North Korean Cybercriminals Behind Major Hospital Data Breach in Seoul
North Korean hackers have been linked to a data breach at South Korea’s largest hospital, according to the South Korean National Police Agency (KNPA).
In a press release, the police said attackers targeted the Seoul National University Hospital (SNUH) between May and June 2021. In a two-year investigation, the agency traced the attack to North Korea, based on a series of clues, including:
- Intrusion techniques observed in the attacks
- IP addresses that have been independently linked to North Korean threat actors
- website registration details
- use of specific North Korean vocabulary and language
The data breach is said to have impacted the personally identifiable information of 831,000 people, mostly patients. About 17,000 former hospital employees were affected as well.
Leaked data includes names, date of birth and medical records.
Police said the attackers used a vulnerability in the hospital’s online bulletin board to upload files containing malicious code.
Much of South Korea’s media have tentatively linked it to Kimsuky, a North Korean state-sponsored hacking organization group.

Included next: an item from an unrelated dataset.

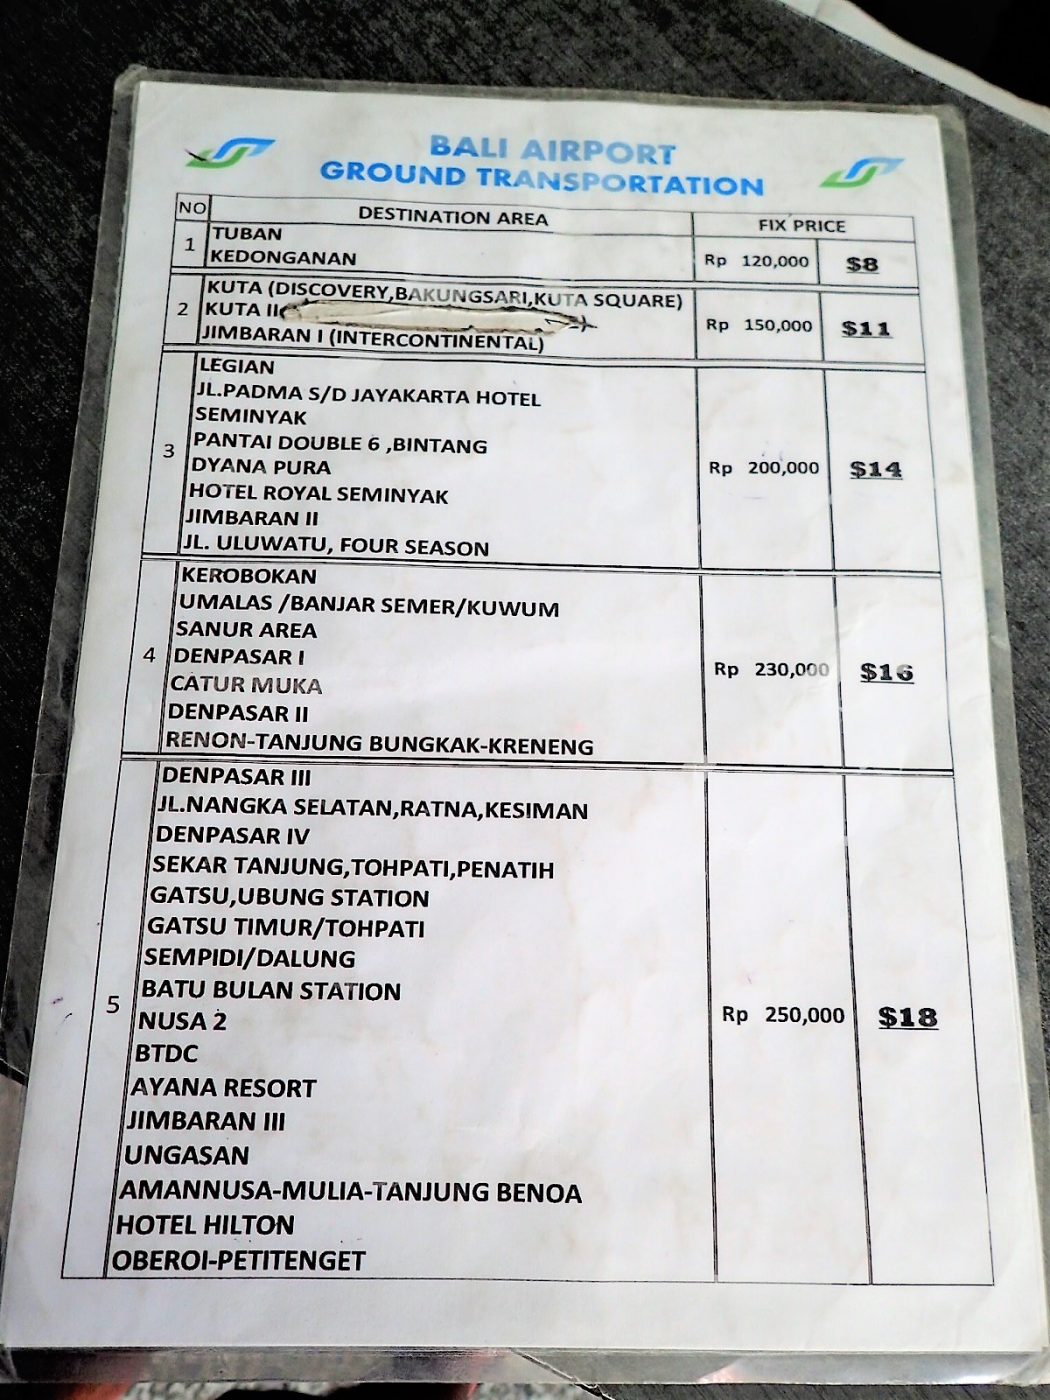 【2019年版】バリ島空港タクシーの基本情報と料金表

“Based on the evidence and the data extracted, we assume that the hackers breached the hospital to gain access to the medical information of prominent figures,” a police official explained.
“We plan to actively respond to organized cyber-attacks backed by national governments by mobilizing all our security capabilities and to firmly protect South Korea’s cyber security by preventing additional damage through information sharing and collaboration with related agencies,” warned the KNPA.